Globoforce è nel business globale di grazie, usando il potere della gratitudine per migliorare in modo proattivo la cultura di un'azienda. Attingendo alla scienza della gratitudine e al proprio insieme di pratiche guidate dall'interno, hanno dimostrato che dare e ricevere apprezzamento è sia benefico sia vitale per un'organizzazione ad alto funzionamento.

In collaborazione con l'IBM Smarter Workforce Institute e la Society for Gestione delle risorse umane, Globoforce ha condotto ricerche in quasi 50 paesi in tutto il mondo. I loro studi, insieme alla ricerca di altri, hanno collegato gratitudine e tratti correlati (come l'impegno) a miglioramenti in produttività, redditività, qualità, lealtà, sicurezza, assenteismo e altri parametri di costo e rendimento.

Globoforce sarebbe il primo a ammettere che riconoscere e celebrare i contributi che altri apportano al nostro lavoro non è un'idea nuova di zecca. Ma la scienza della gratitudine ha messo in luce nuove ragioni per prendere sul serio questa idea. Mentre alcune di queste ragioni - relazioni più forti, più felicità - sono state a lungo documentate dagli studi che io e molti altri abbiamo condotto, la ricerca sta anche indicando più modi in cui la gratitudine funziona sul lavoro. Ecco tre modi sorprendenti che la gratitudine ripaga.

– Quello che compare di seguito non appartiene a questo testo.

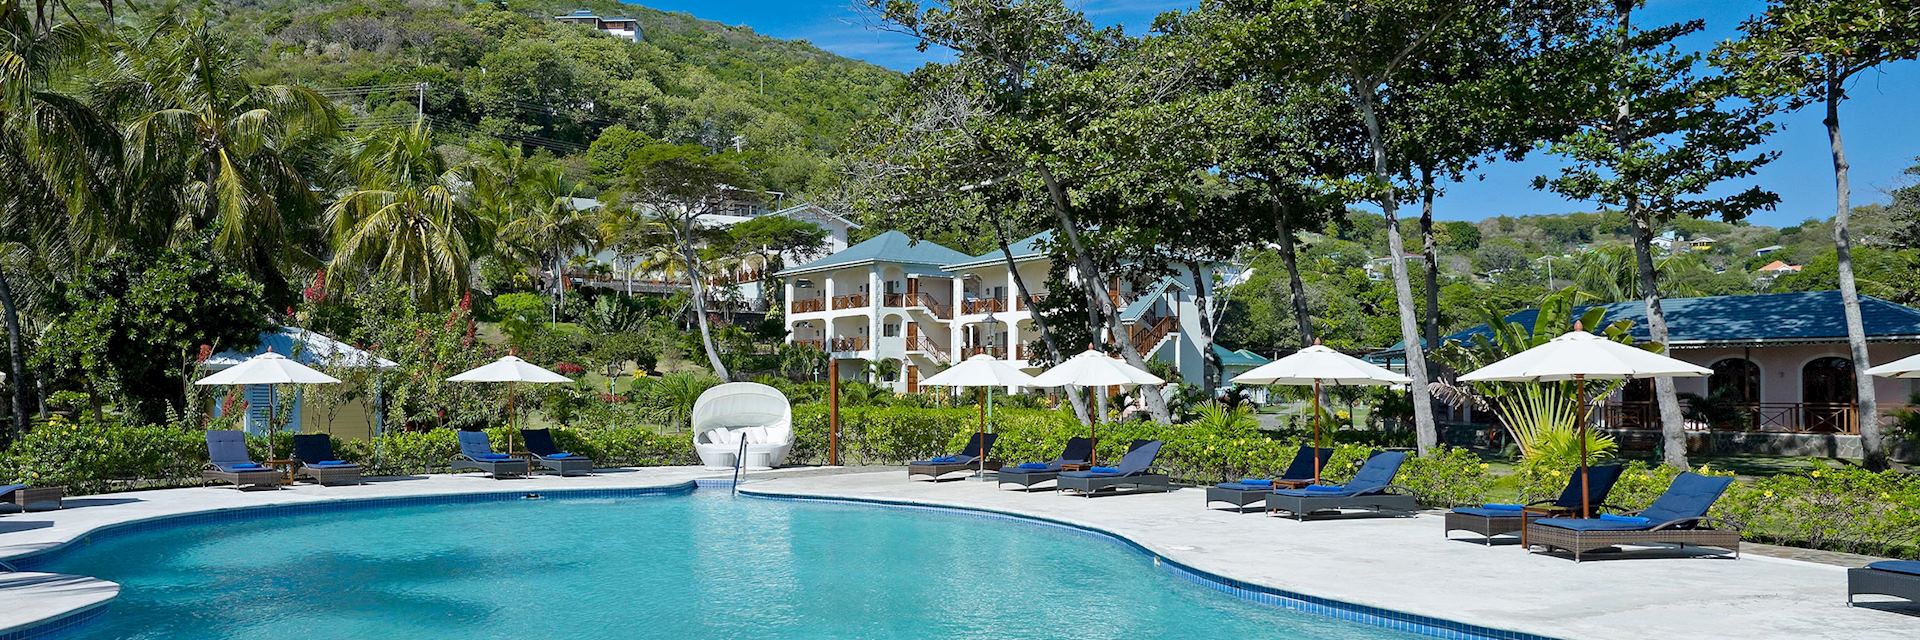 Bequia  Beach Hotel, St Vincent and the Grenadines

1. La gratitudine facilita il sonno migliore

La quantità e la qualità del sonno perduto sono anche legate a scarsa soddisfazione lavorativa, peggioramento del funzionamento esecutivo, pensiero meno innovativo, minore rendimento lavorativo, più errori di sicurezza e infortuni sul lavoro e persino morte. Anche la privazione del sonno influisce negativamente sulle relazioni perché le persone private del sonno sono meno fiduciose degli altri e più impazienti, frustrate e ostili. Il sonno è l'attività riparatrice per eccellenza della mente e del corpo. La National Sleep Foundation riferisce che il 95% delle persone ha bisogno di sette-otto ore di sonno a notte, eppure il 30% degli americani ha meno di sei ore. Prevenire la privazione del sonno potrebbe essere un enorme risparmio per i luoghi di lavoro: lo studio dello scorso anno della Rand Corporation ha riportato che la privazione del sonno costa alle aziende statunitensi più di $ 400 miliardi all'anno in perdita di produttività, oltre il 2% del prodotto interno lordo (PIL) del paese. Perdite simili sono state riscontrate in tutto il mondo, con il Giappone, la Germania e il Regno Unito che hanno perso anche l'1,5-3% del loro PIL per dormire troppo poco. Lo studio Rand ha stimato che se le persone che dormono meno di sei ore a notte hanno iniziato a dormire tra le sei e le sette, questo potrebbe aggiungere oltre $ 200 miliardi all'economia degli Stati Uniti.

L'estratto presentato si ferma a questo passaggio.